ITDispatchMapper
COMIDispatch (デュアル)comobj 経由でメソッド名による遅延バインド呼び出しができます(vtableインデックス不要)。公式ドキュメント
ITDispatchMapper インターフェイスを使用すると、アプリケーションは、あるインターフェイスのディスパッチポインターと別のインターフェイスの GUID を指定して、オブジェクト上の別のインターフェイスのディスパッチポインターを取得できます。
メソッド 1
vtbl = vtable インデックス(0始まり)。IDispatch 実装のため HSP ではメソッド名でも呼べます(上記)。低レベルの index 呼び出し用に vtbl も掲載。0〜2 は IUnknown。
QueryDispatchInterface メソッドは、オブジェクト上の別のインターフェイスの GUID とそのオブジェクト上の別のインターフェイスのディスパッチポインターを指定して、対応するインターフェイスへのディスパッチポインターを返します。

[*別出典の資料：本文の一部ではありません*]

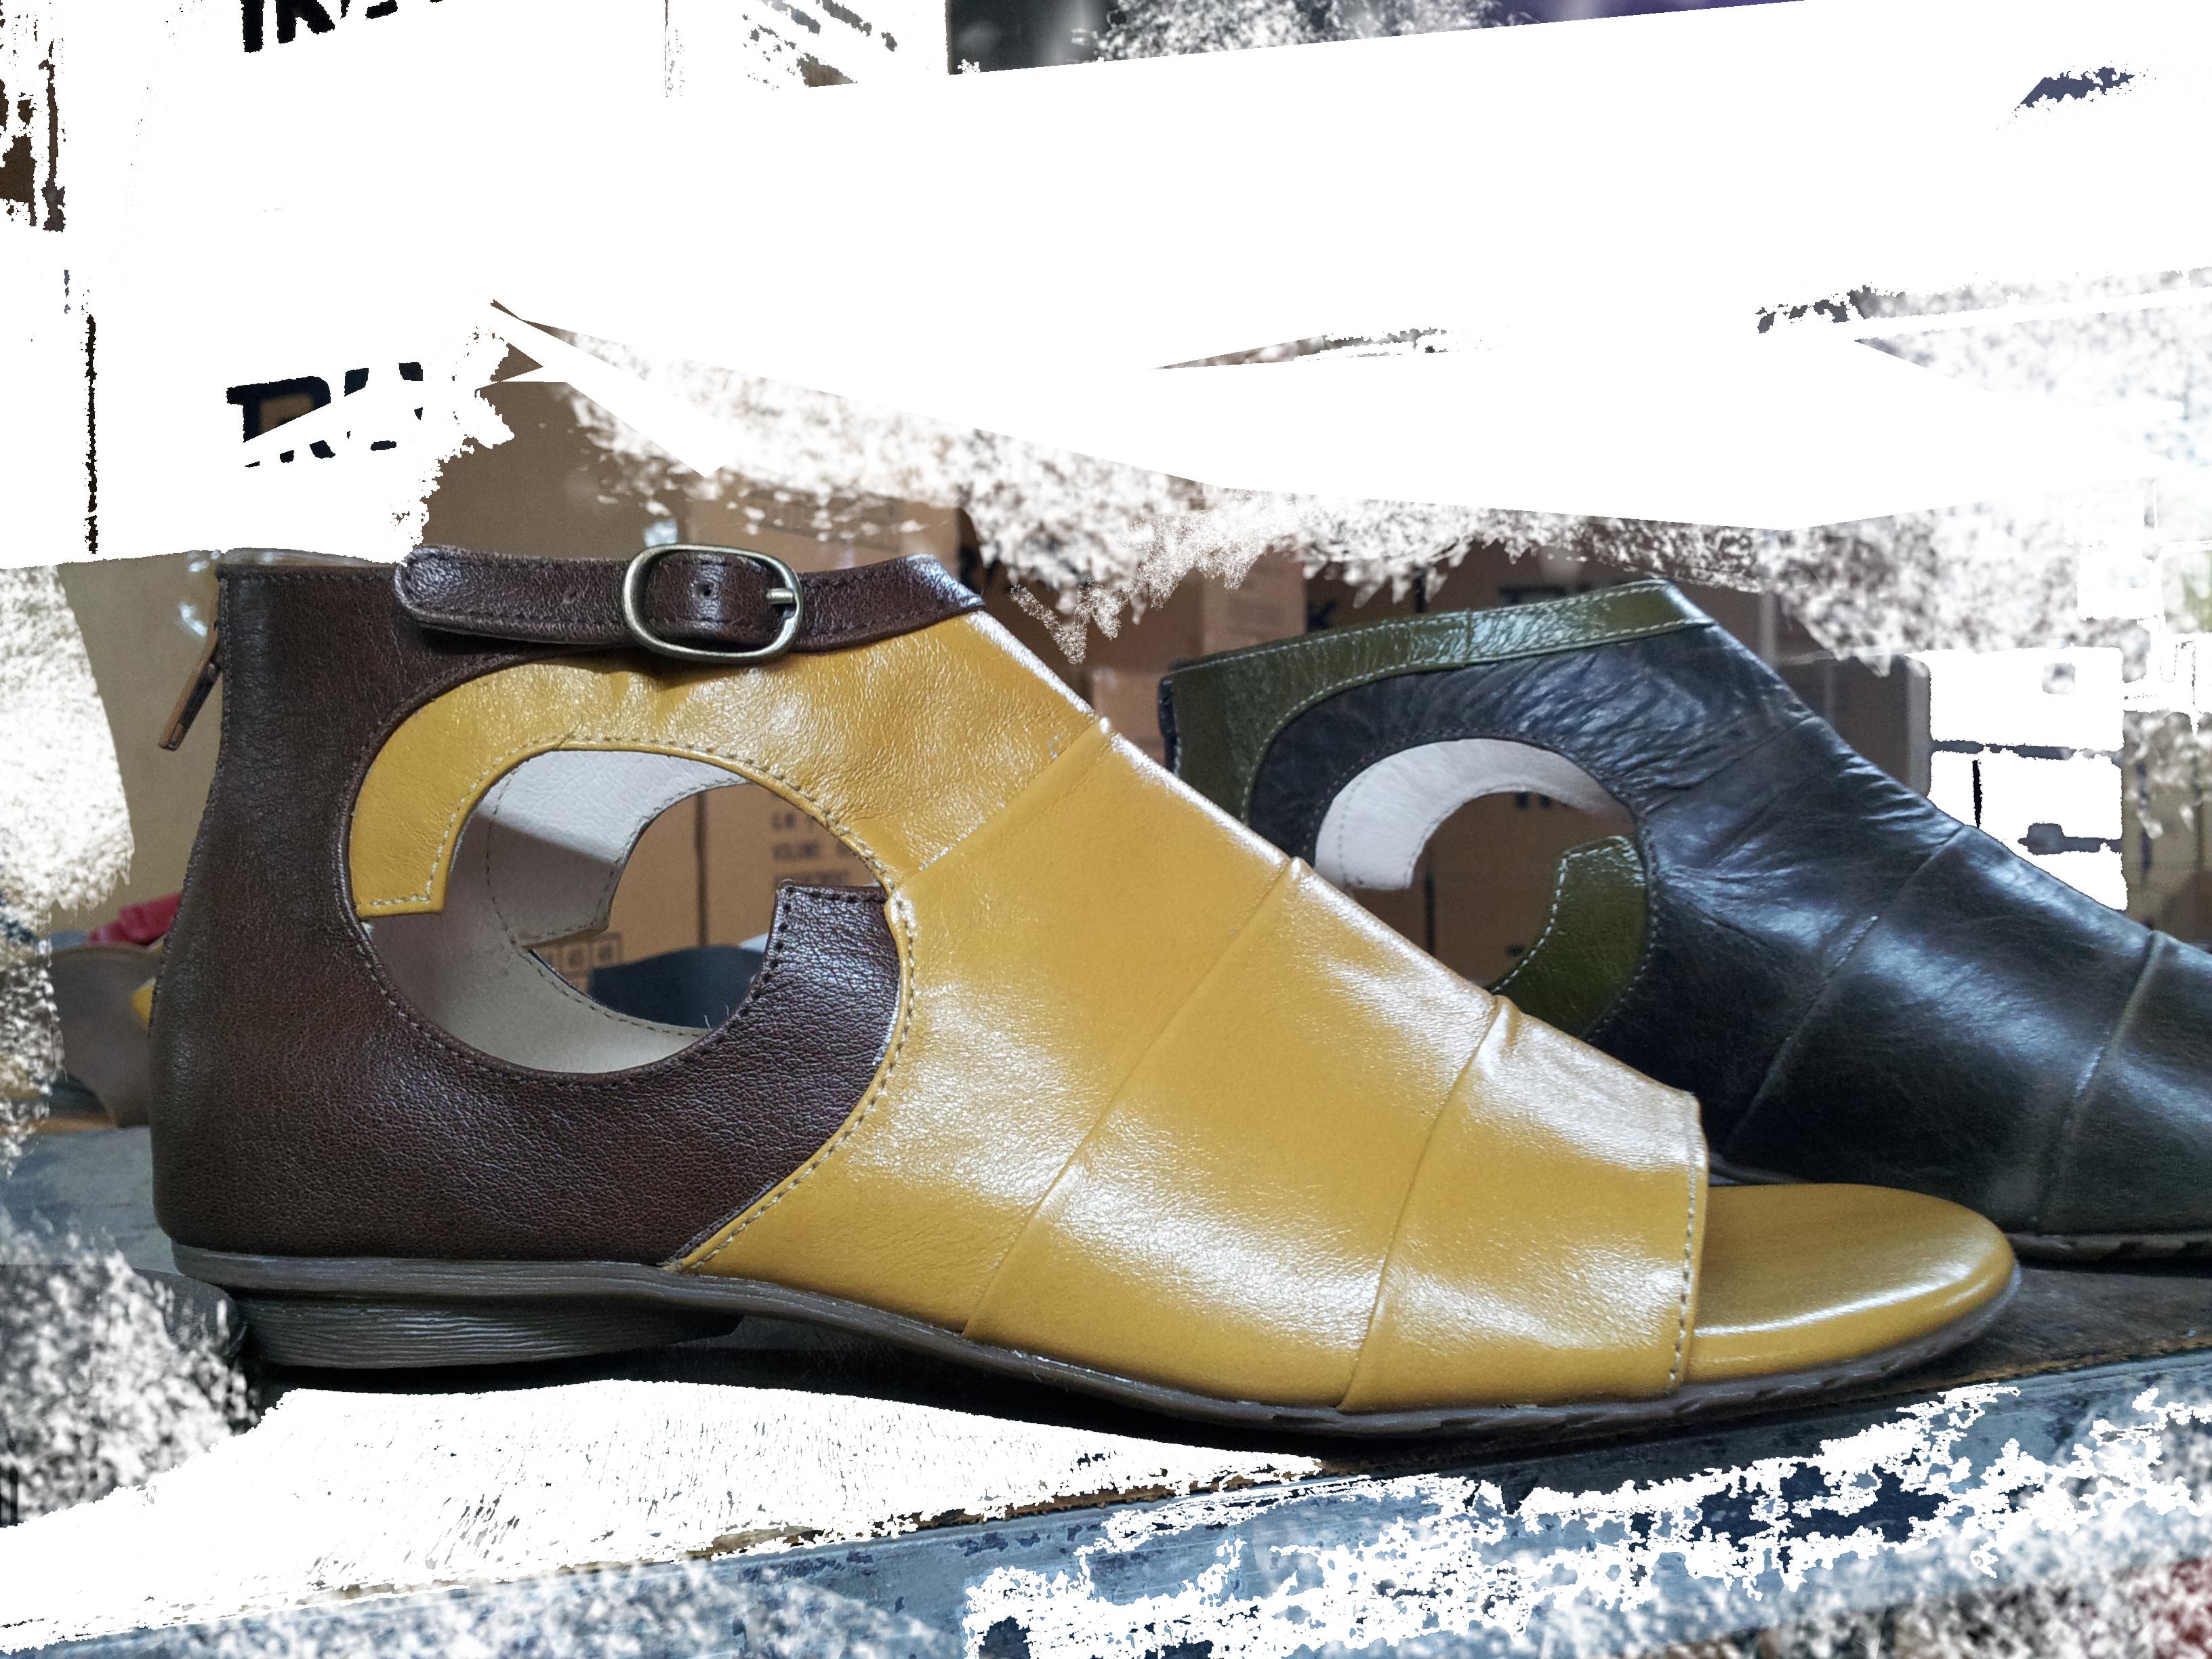 Sandals straps with seam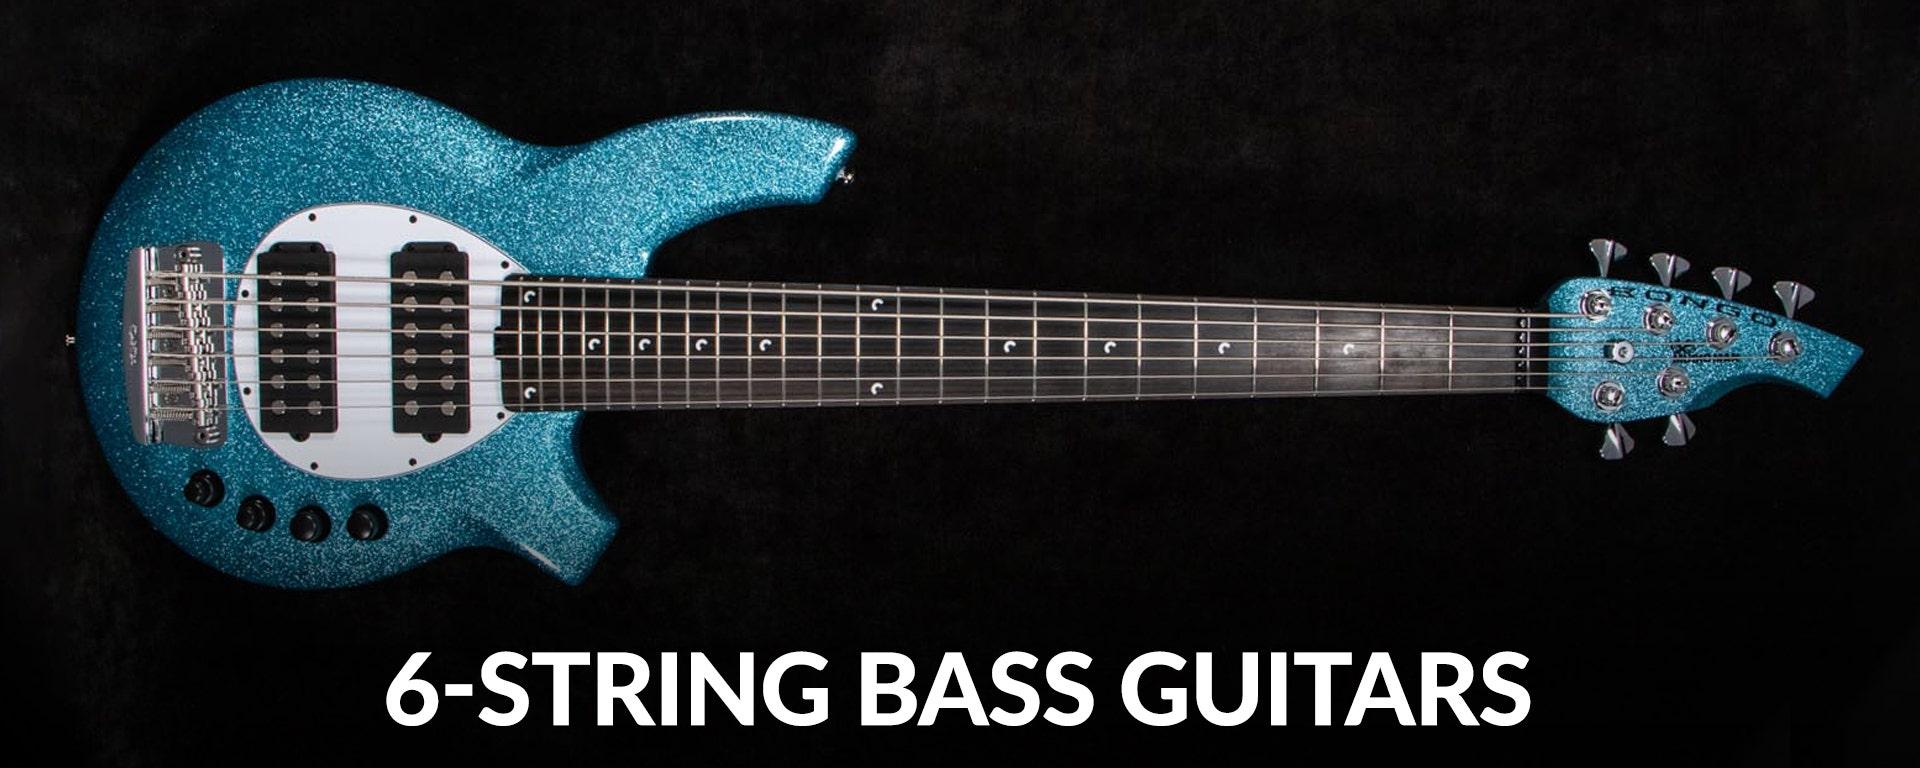 Shop 6-string electric bass guitars at Sam Ash

| pIID | LPWSTR | in | 必要なインターフェイスの GUID の BSTR 表現へのポインター。 |
| pInterfaceToMap | IDispatch* | in | 起点となるインターフェイスの IDispatch ポインター。 |
| ppReturnedInterface | IDispatch** | out | pIID に含まれる GUID に対応するインターフェイスの IDispatch ポインター。 |
戻り値
このメソッドは、これらの値のいずれかを返すことがあります。
| 戻り値 | 説明 |
|---|---|
| メソッドは成功しました。 | |
| 操作を実行するのに十分なメモリがありません。 | |
| pIID パラメーターが有効な BSTR でないか、有効な GUID に変換できません。 | |
| 要求されたインターフェイスが公開されていないか、オブジェクトが IObjectSafety インターフェイスを実装していません。 |
解説(Remarks)
アプリケーションは、pIID パラメーターのメモリを割り当てるために SysAllocString を使用し、その変数が不要になったときにメモリを解放するために SysFreeString を使用する必要があります。
Dispatch Mapper は、オブジェクトの IObjectSafety インターフェイスを使用して、要求されたインターフェイスにおいてオブジェクトがスクリプティングに対して安全であることを確認します。オブジェクトが IObjectSafety を実装していない場合、またはこの特定のインターフェイスでオブジェクトが安全でない場合、呼び出しは失敗します。
Microsoft 公式リファレンス: 英語 (en-us) · 日本語 (ja-jp) · 原文ソース (GitHub)
HSP用 COM定義
#usecom / #comfunc によるHSPのCOM呼び出し定義。数字は vtbl インデックス(0始まり)。クラスIDが無い場合 #usecom の末尾は "{}"、ある場合は "{CLSID}"。
#define global IID_ITDispatchMapper "{E9225295-C759-11D1-A02B-00C04FB6809F}"
#usecom global ITDispatchMapper IID_ITDispatchMapper "{}"
#comfunc global ITDispatchMapper_QueryDispatchInterface 7 wstr,sptr,sptr
; ※数字は vtbl インデックス(0始まり)。0/1/2 は IUnknown(QueryInterface/AddRef/Release)。
; ※このインターフェースは直接 CoCreateInstance するクラスIDが無いため "{}"(他メソッド/アクティベーションで取得)。
; ※ハンドル/void*等の不透明ポインタは IronHSP では intptr 指定が可能。
; ※IDispatch 実装。HSP では comobj 経由でメソッド名による呼び出しも可能(vtbl 不要)。